During a transaction the old pages and the new pages will both be present
at some point no matter what mode is used.  Consequently you should expect
maximum usage to be around the size of your existing data plus twice the
size of the changes you are undertaking while usage outside of a
transaction will be roughly existing data plus changes.

Worst case would be something like changing a value on every single page.
 Best case would be adding new data with no indices.

> It says in the documentation: 1000 pages. How big is a page?

1kb default.

  http://www.sqlite.org/pragma.html#pragma_page_size

> Also, does WAL has any (significant) memory consumption (per
> connection/thead, or dependent on the WAL file size)?

There is some but not really significant.

> 2. I'm guessing a SQLite cache (connection private 
> [SQLITE_OPEN_PRIVATECACHE] or shared [SQLITE_OPEN_SHAREDCACHE]) is
> stored in memory only (i.e. not on the disk), right? What's its size in
> memory? Or, on what factors does this size depend on?

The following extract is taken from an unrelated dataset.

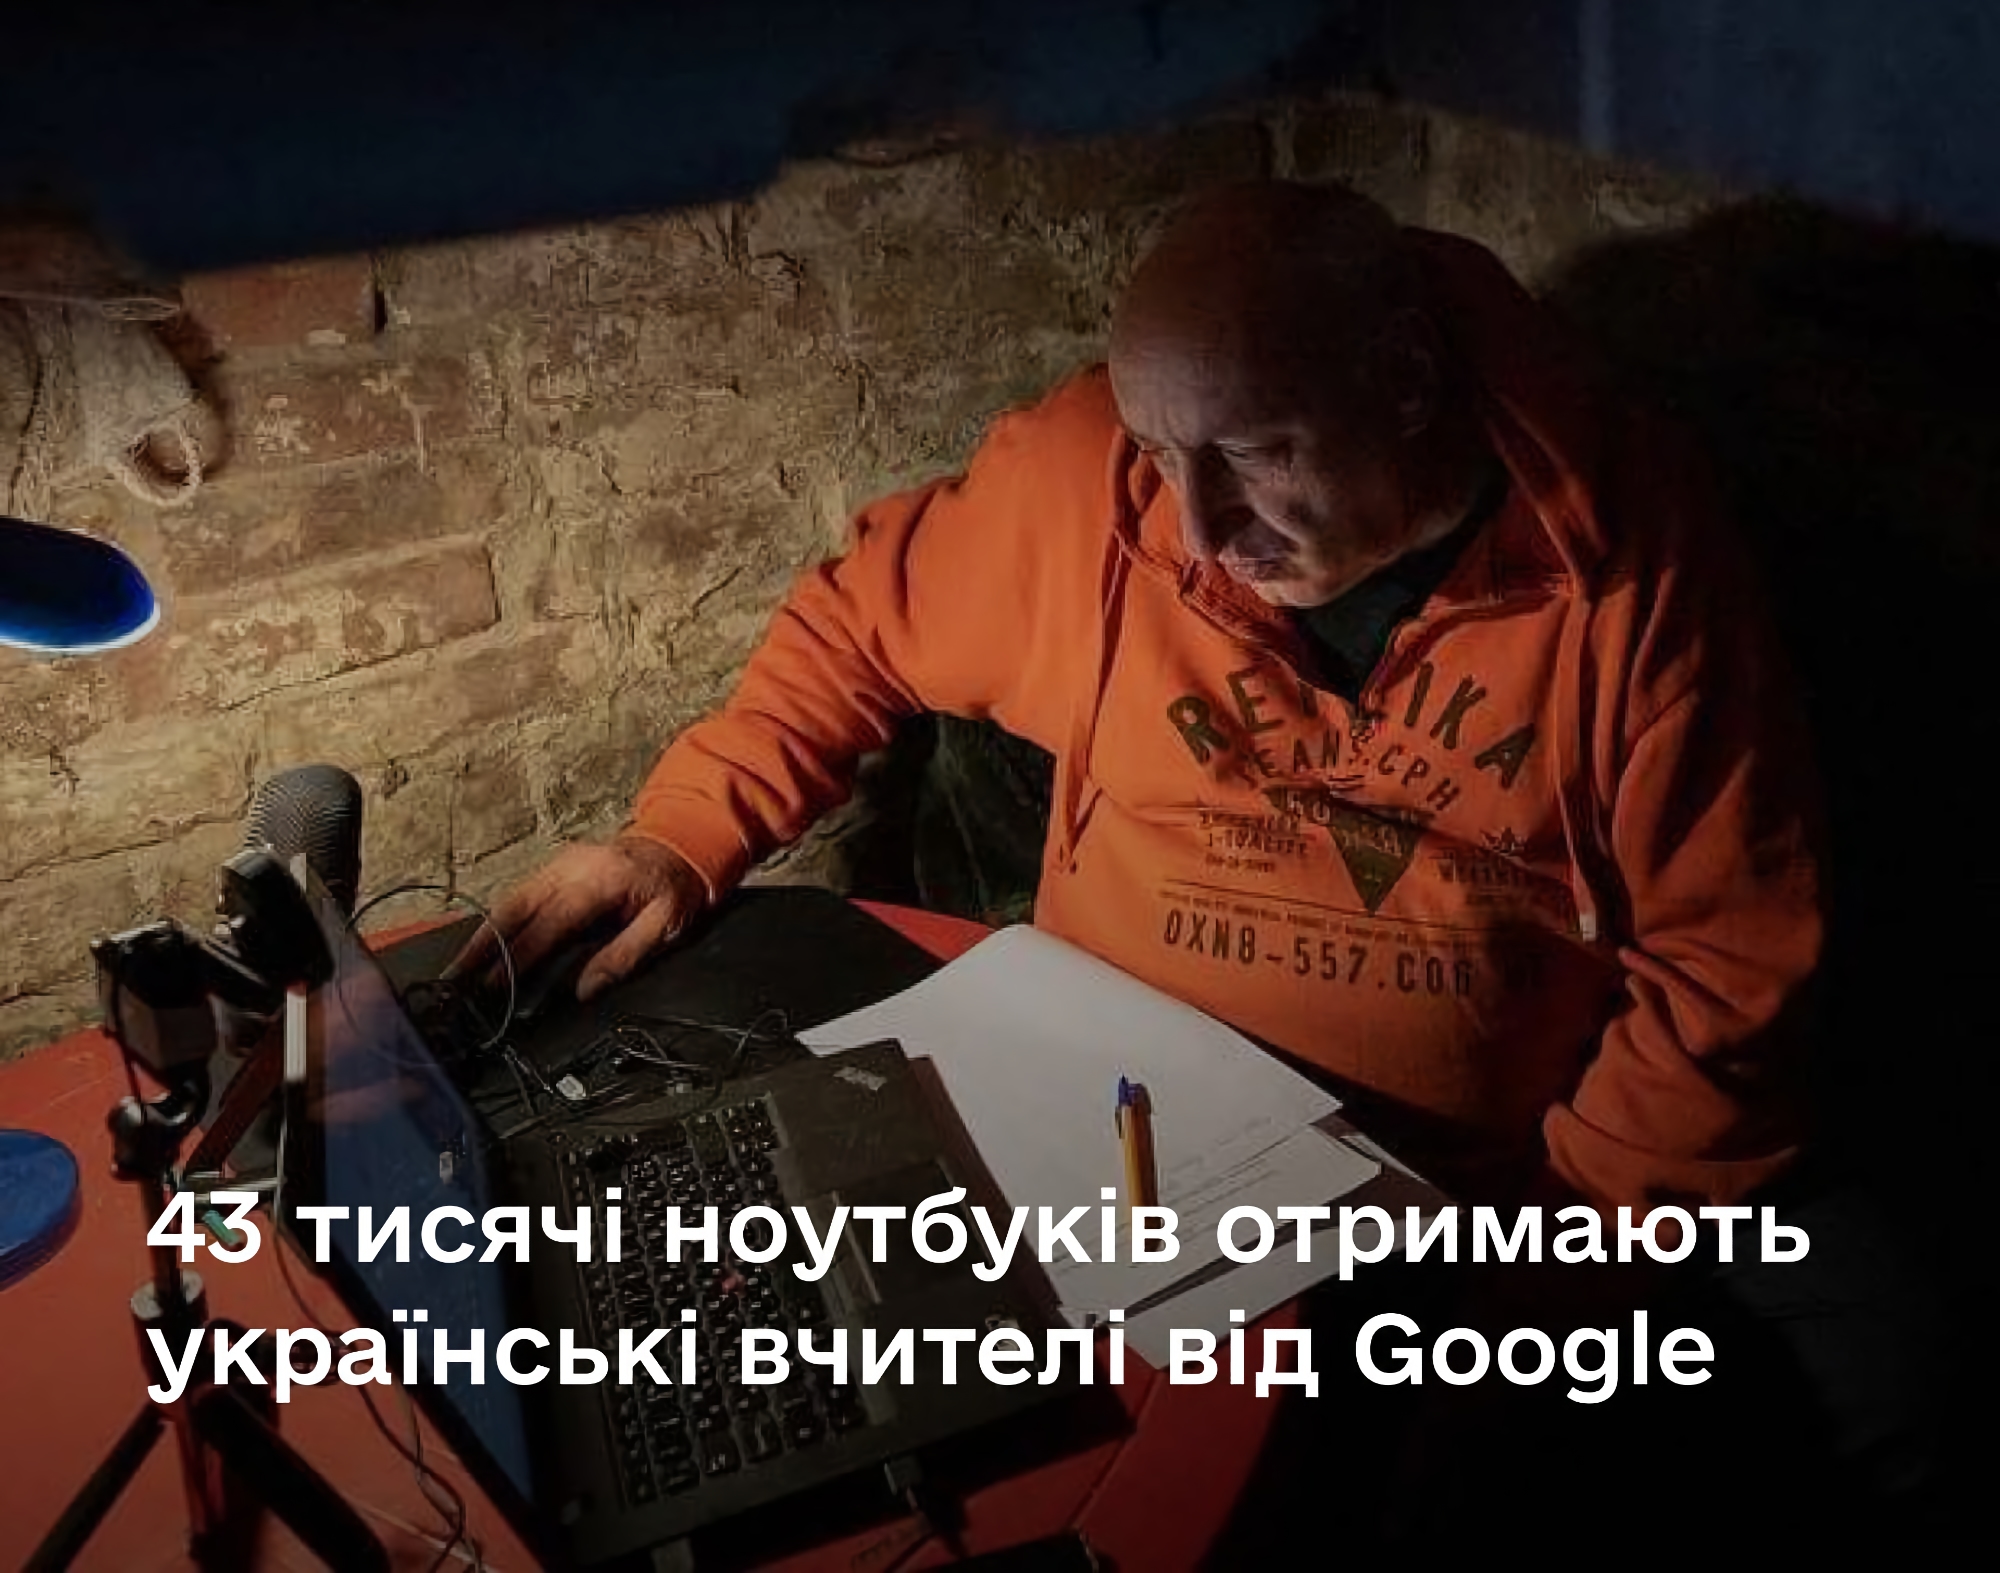 Google udostępni ukraińskim nauczycielom 43 000 laptopów z systemem operacyjnym Chrome

SharedCache is about sharing the cache memory between connections in the
same process.  It is unlikely you'll ever want to do this, or even benefit
from it if you did use it.  The default cache size is 2MB from sqlite.org
- - I haven't checked to see what value Android changed it to.

Many of the system apps, and a lot of others apps are using SQLite behind
the scenes.  You are not the first developer by a long shot.  Remember
that the first Android phones allocated 16MB per process for everything.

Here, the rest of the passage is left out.